Для полного психологического анализа процесса понимания слов как составных элементов высказывания необходимо учиты­вать, что существуют и различные семантические уровни значения слов и что человек, воспринимающий текст, должен каждый раз выбирать адекватный уровень значения слова, который сам мо­жет быть подвижным. Выбор нужного уровня значения слов так­же целиком определяется тем контекстом, в котором находится слово. Так, например, в контексте приготовления пищи слово «уголь» обозначает средство для растопки; в контексте химичес­кого трактата «уголь» обозначает сложное химическое вещество, имеющее определенное строение. Слово «сеть» в контексте ры­боловства имеет значение приспособления для ловли рыбы; в научном контексте оно обозначает «систему связей» («нейронная сеть», «сеть отношений») и т.д. Неадекватное восприятие значе­ния слов или хотя бы одного слова приведет к неправильному пониманию всего текста. Адекватное понимание предполагает и выбор соответствующего уровня значения слова.

Мы уже упоминали, что при некоторых формах психических заболеваний (например, при шизофрении) нарушение способно­сти выбрать именно тот смысл слова, который соответствует си­туации, и является главным симптомом заболевания и основным препятствием для адекватного понимания доходящей до субъек­та информации.

Из всего сказанного следует, что было бы величайшей ошиб­кой считать, что слова имеют неизменное, всегда одинаковое зна­чение. Значение слова многозначно, и для его понимания необ-


ходим выбор предметной отнесенности, конкретного значения и смысла данного слова из многих альтернатив. Этот выбор может быть осуществлен только с учетом как того контекста, в котором дается слово, так и той ситуации, в которой делается сообщение. Этот семантический выбор адекватного значения слов представ­ляет собой сложный психологический процесс, изучение которо­го может раскрыть основные механизмы, определяющие пони­мание или декодирование получаемого сообщения.

УСЛОВИЯ ПОНИМАНИЯ ЗНАЧЕНИЯ СЛОВ

Процесс выбора нужного значения слов из ряда возможных альтернатив определяется целым рядом условий. Остановимся на этих условиях подробнее.

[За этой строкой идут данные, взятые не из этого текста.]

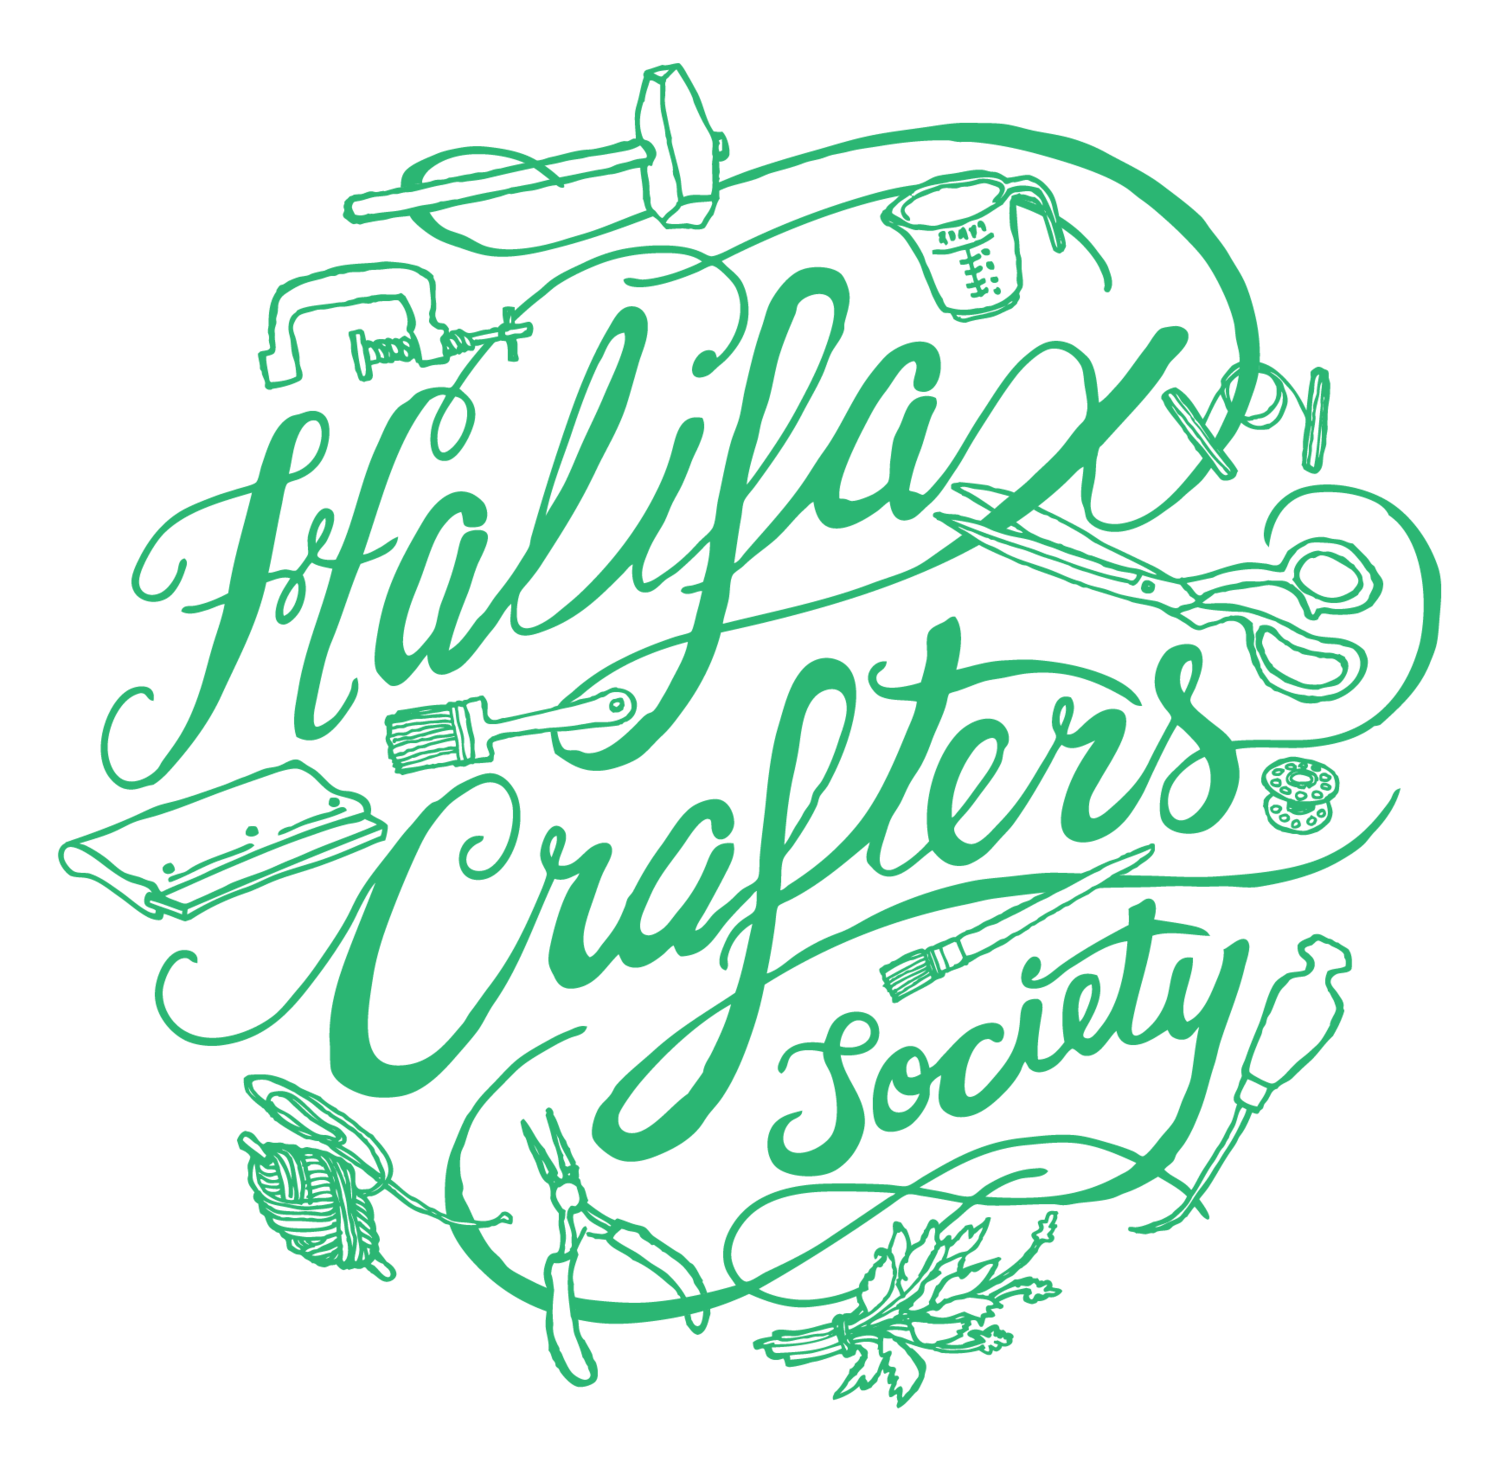 Halifax Crafters Society

Первым условием, влияющим на адекватный выбор значения слова, является частотность данного слова в языке, которая, в свою очередь, определяется включенностью данного слова в прак­тику человека. Так, если слово «поднять» чаще всего обозначает акт поднимания предмета с пола и гораздо реже имеет иносказа­тельный смысл «поднять вопрос», то первое значение слова го­раздо более вероятно, чем второе, и наоборот, при восприятии второго значения слова необходима первоначальная абстракция от привычного, наиболее часто встречающегося значения.

Именно эта неодинаковая частотность, с которой встречаются различные значения слов, определяет трудности, возникающие при понимании слов у людей с различным профессиональным опытом. Если для врача слово «селезенка» более привычно и име­ет определенное значение, а слово «селезень» употребляется им редко, то возникает возможность спутать эти слова (особенно вне речевого контекста). Наоборот, для птицевода при восприя­тии слова «селезенка» возникает необходимость абстрагироваться от более привычного для него значения слова «селезень».

Привычное значение слов может служить помехой для изуча­ющего иностранный язык, когда якобы знакомые, соответствую­щие практическому опыту человека и часто встречающиеся слова воспринимаются им неверно. Примером может явиться случай, когда один человек, поселившийся в Америке, долгое время вос­принимал сочетание слов «Molted coffee» как «молотый кофе» только впоследствии узнал, что слово «Molted» не имеет ничего


общего с привычным значением «молотый», а обозначает фирму, выпускающую кофе.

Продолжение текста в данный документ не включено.